*** Provided data Section Begins ***
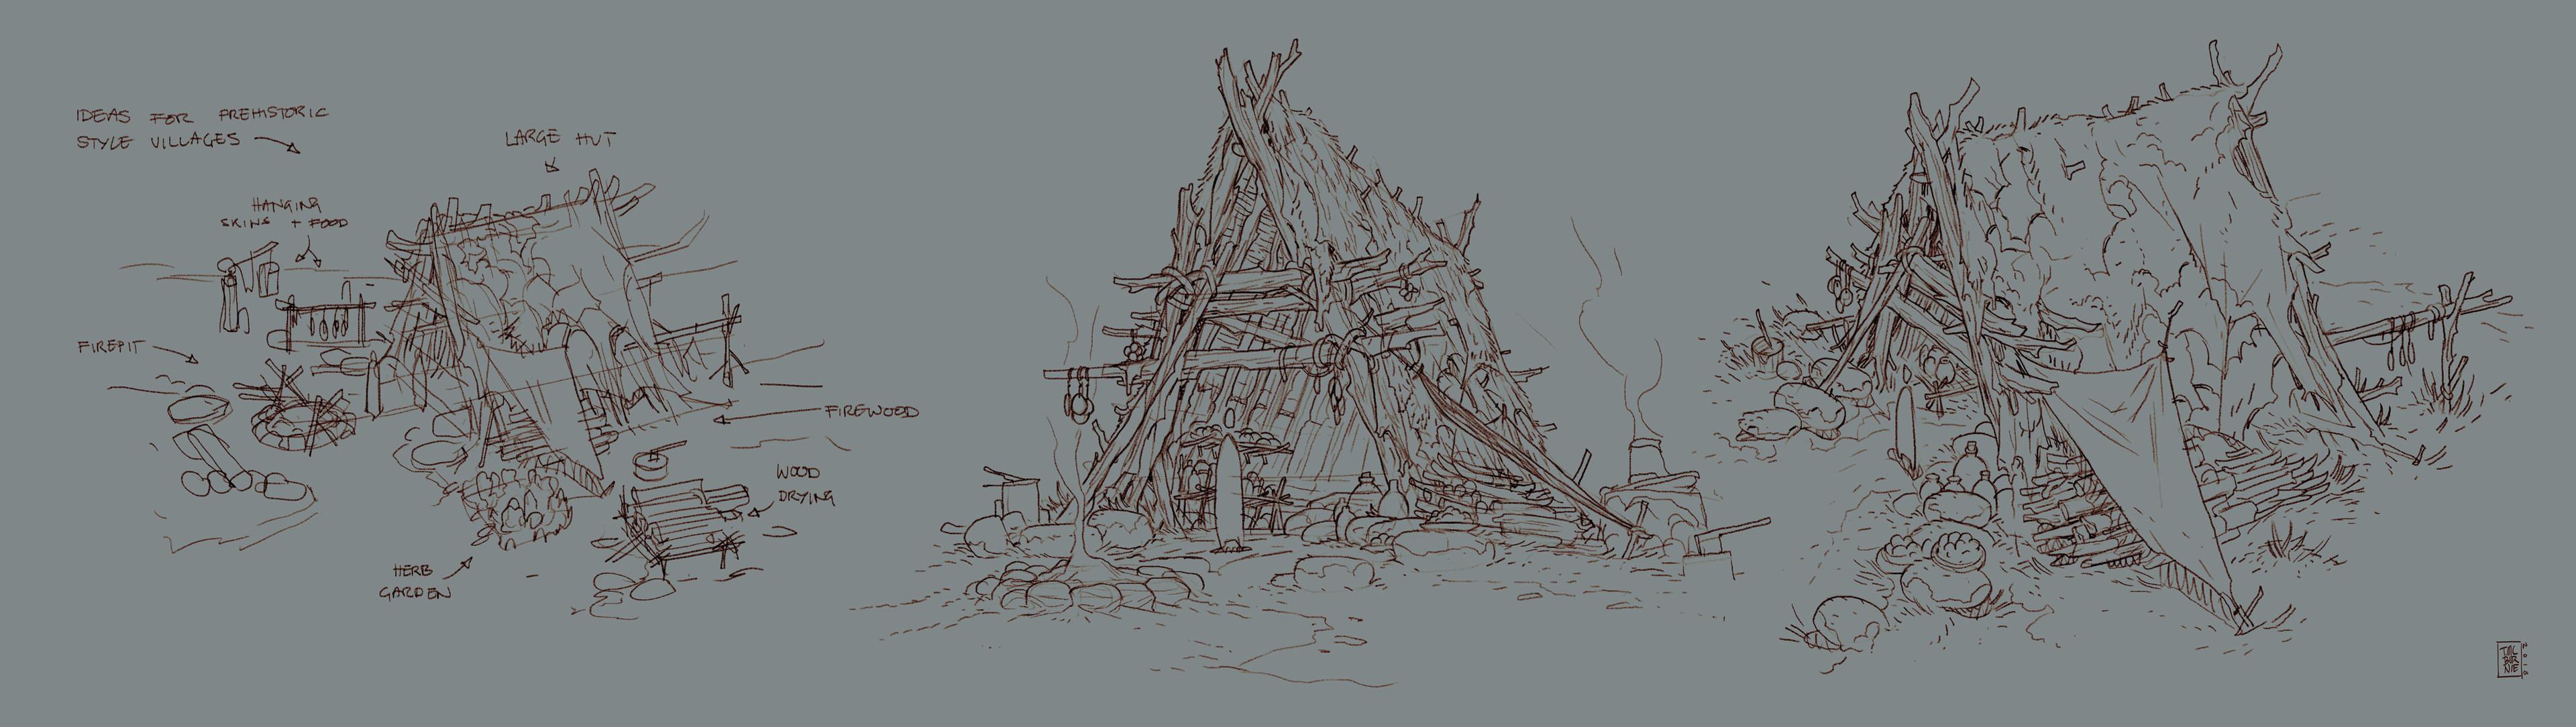 Hut Callout
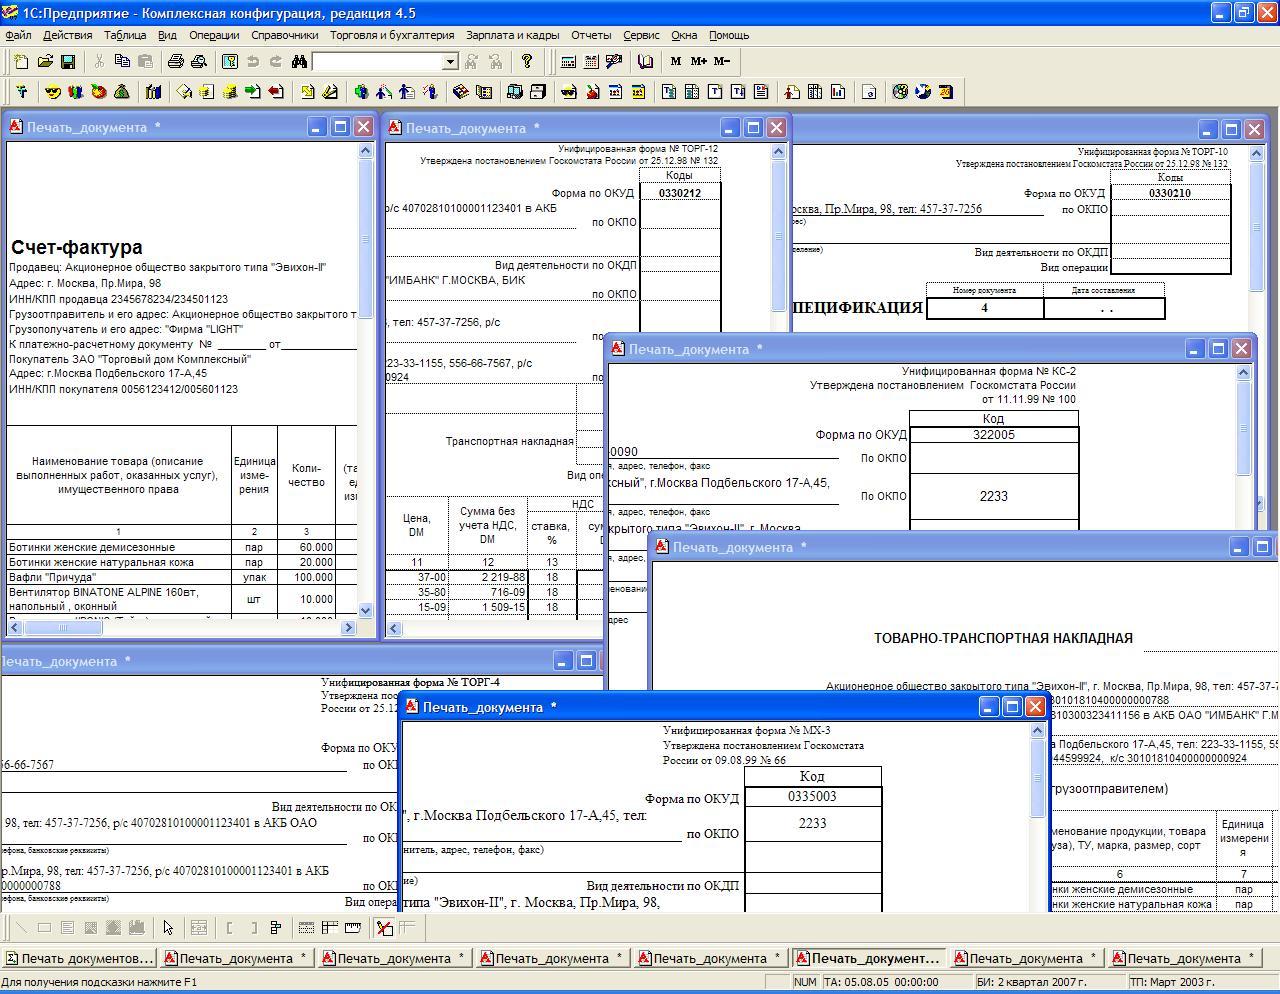 налоговая накладная бланк 0т 13.12.11
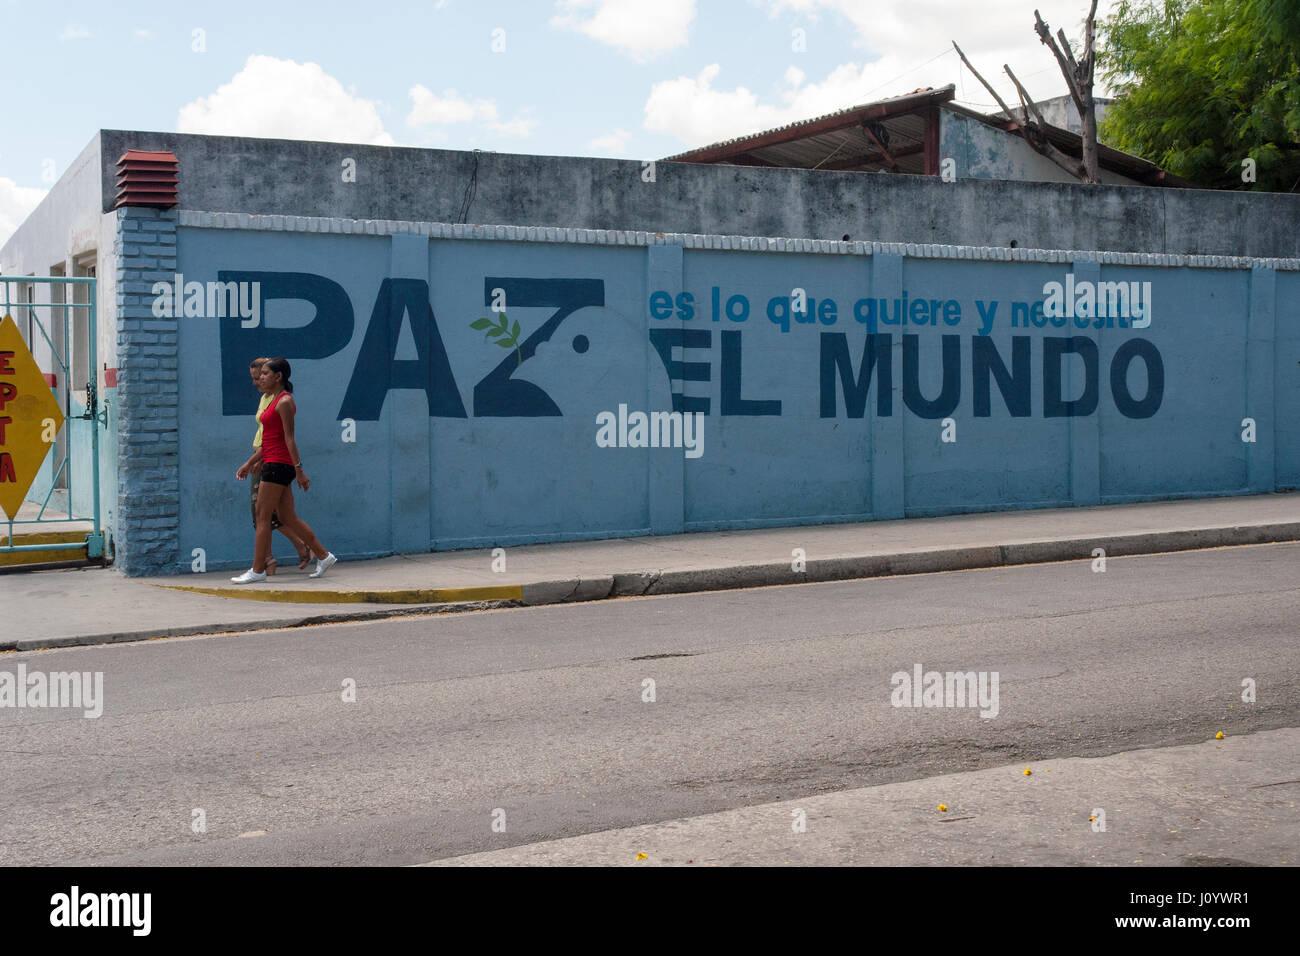 Wallpainting pacifista en La Habana, Cuba Imagen De Stock
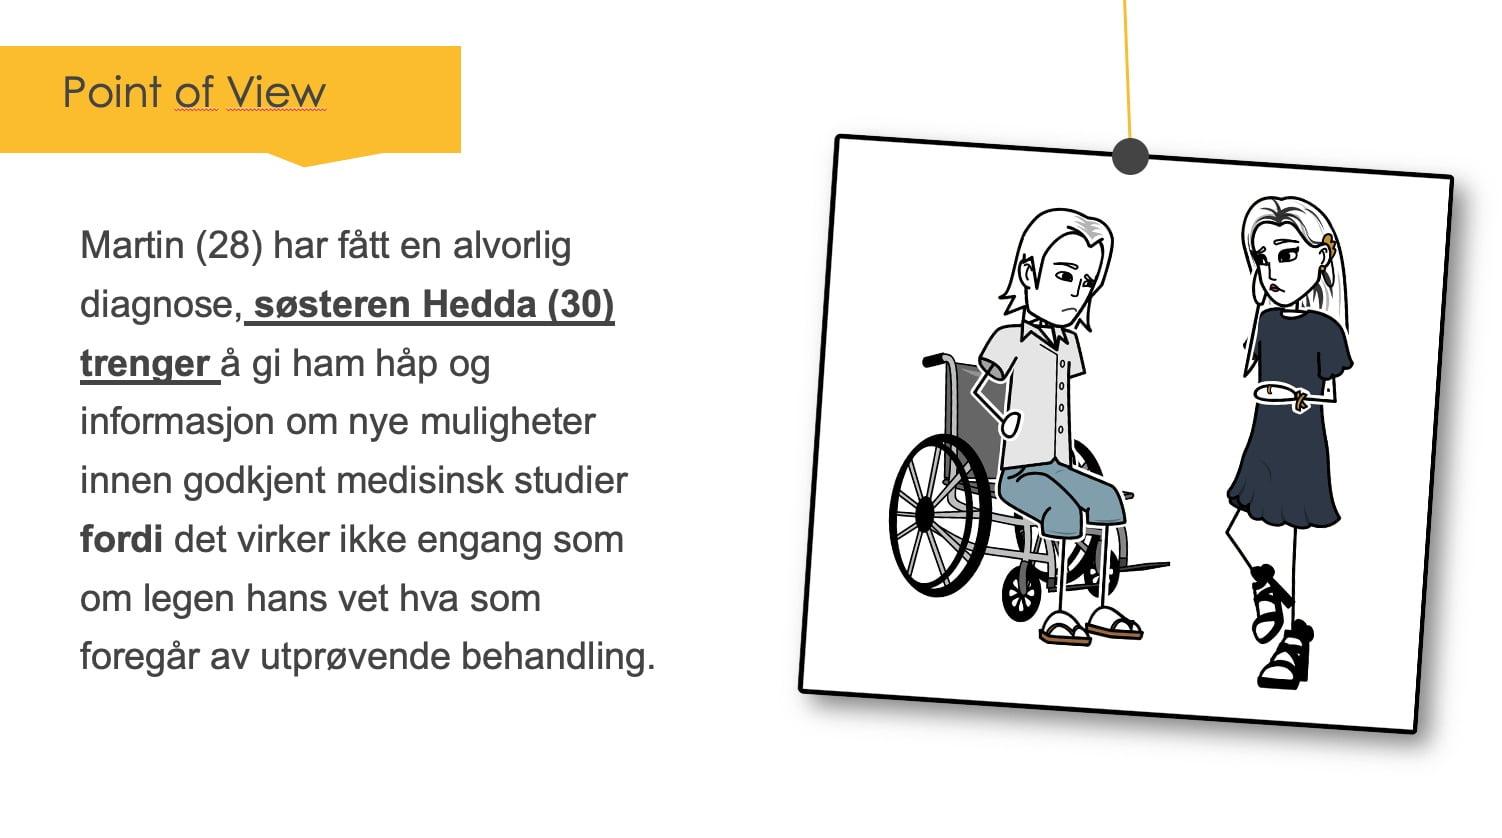 Motor vehicle, Wheel, Tire, Cartoon, Gesture, Font
*** Provided data Section Ends ***
## What is expected
Word for word, output the whole listing, but not its pictures.

## Answer section
 Hut Callout
 налоговая накладная бланк 0т 13.12.11
 Wallpainting pacifista en La Habana, Cuba Imagen De Stock
 Motor vehicle, Wheel, Tire, Cartoon, Gesture, Font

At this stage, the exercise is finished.